» **Exercise data**:
####

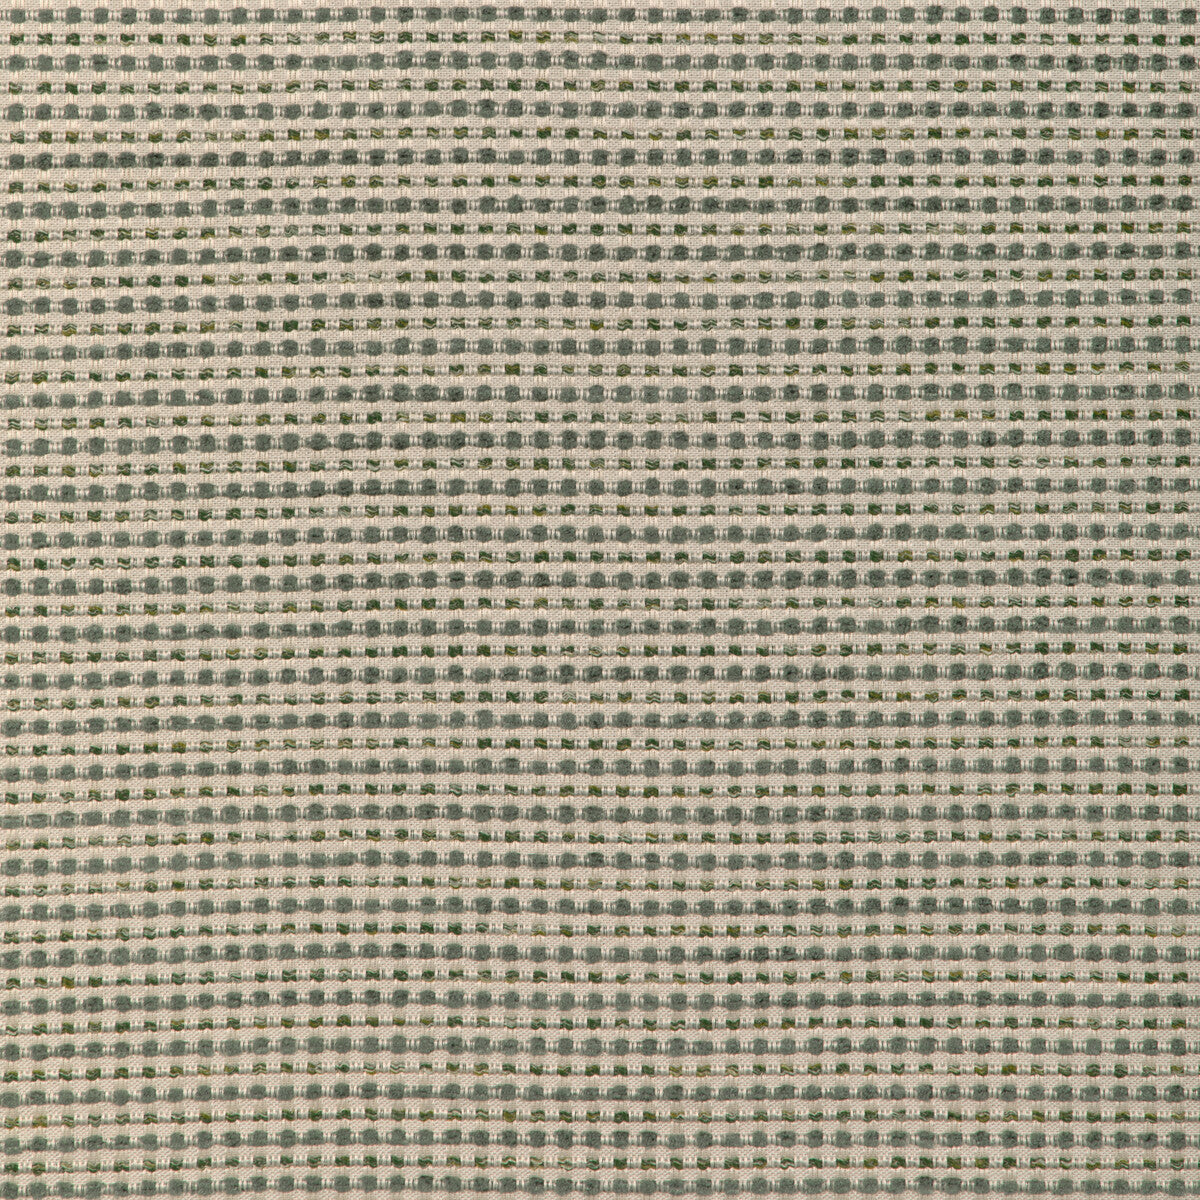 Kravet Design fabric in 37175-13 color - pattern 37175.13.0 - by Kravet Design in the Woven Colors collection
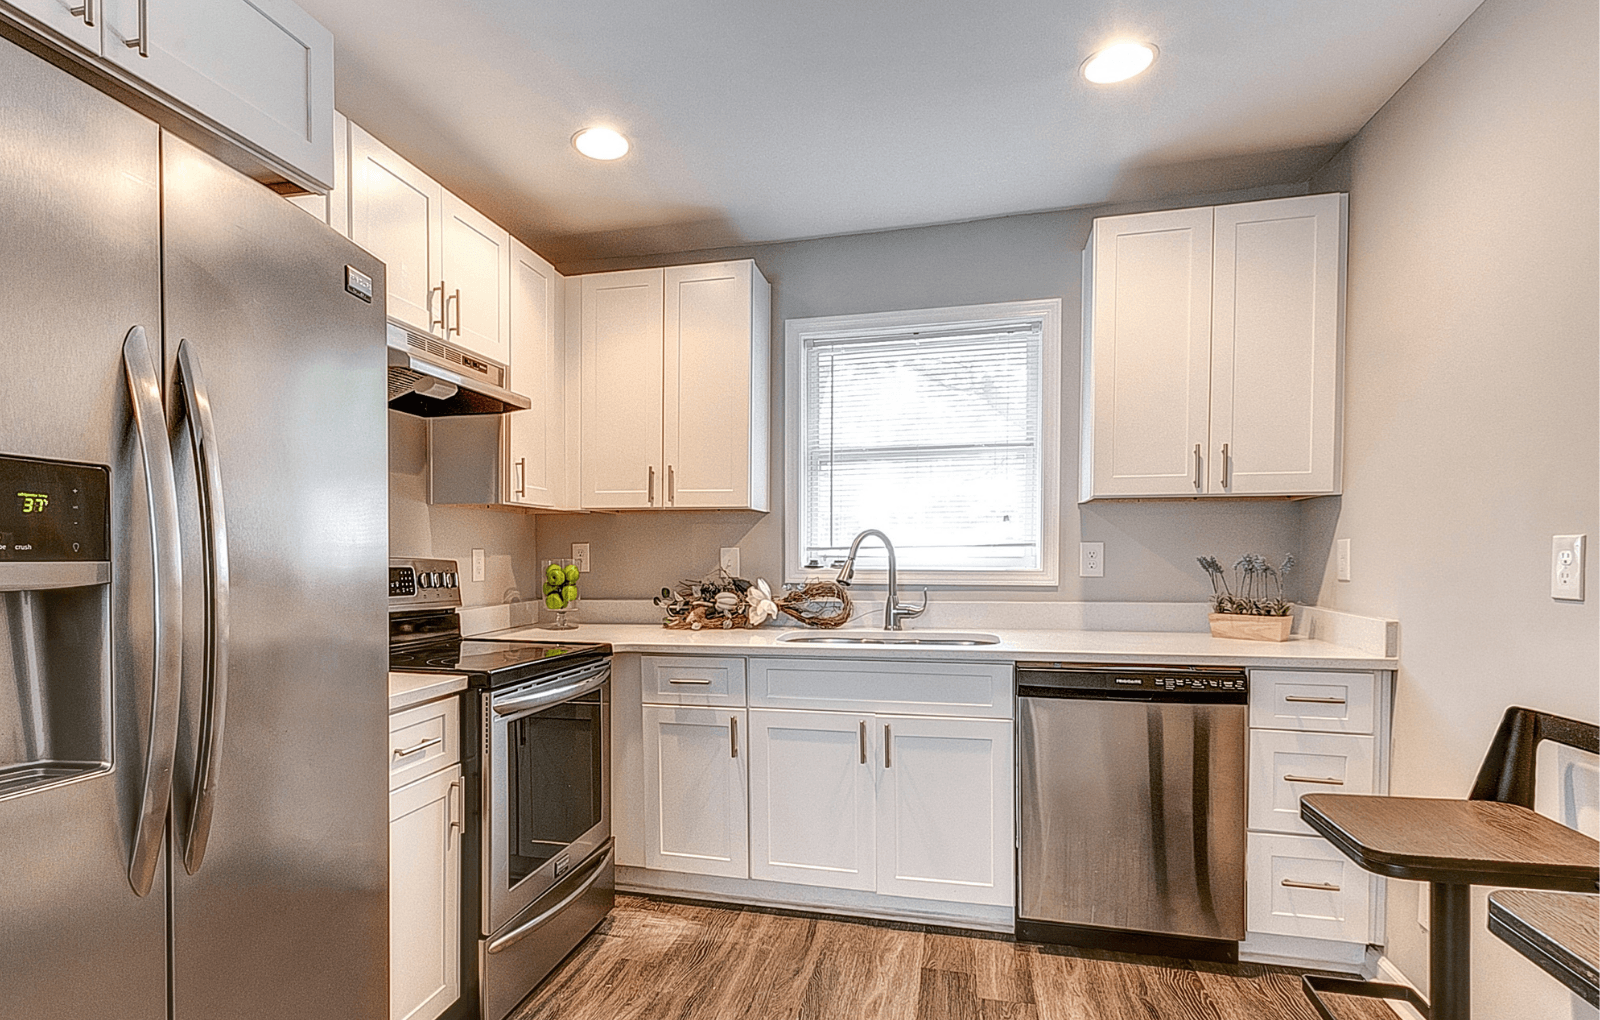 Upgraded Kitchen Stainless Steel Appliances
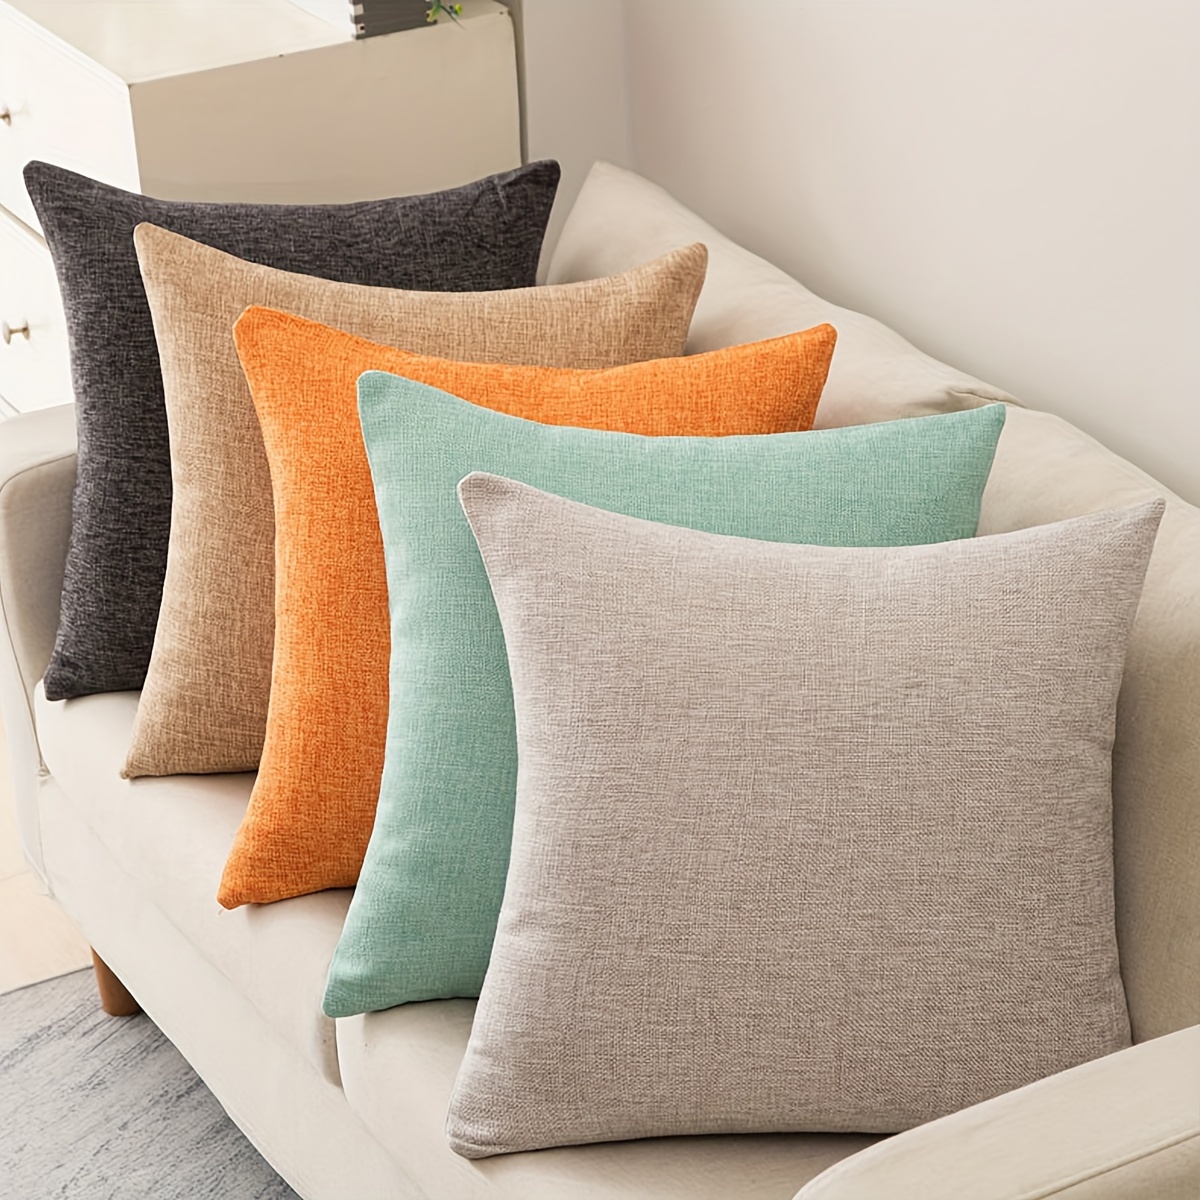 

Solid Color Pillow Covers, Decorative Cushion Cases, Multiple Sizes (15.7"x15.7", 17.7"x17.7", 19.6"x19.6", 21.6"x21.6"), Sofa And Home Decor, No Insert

####

» **Work order**: Restate the lines above exactly, from the one bearing "Upgraded Kitchen Stainless Steel Appliances" through the final line of the material, both included, omitting pictures.

» **Response to the exercise**:
 Upgraded Kitchen Stainless Steel Appliances

Solid Color Pillow Covers, Decorative Cushion Cases, Multiple Sizes (15.7"x15.7", 17.7"x17.7", 19.6"x19.6", 21.6"x21.6"), Sofa And Home Decor, No Insert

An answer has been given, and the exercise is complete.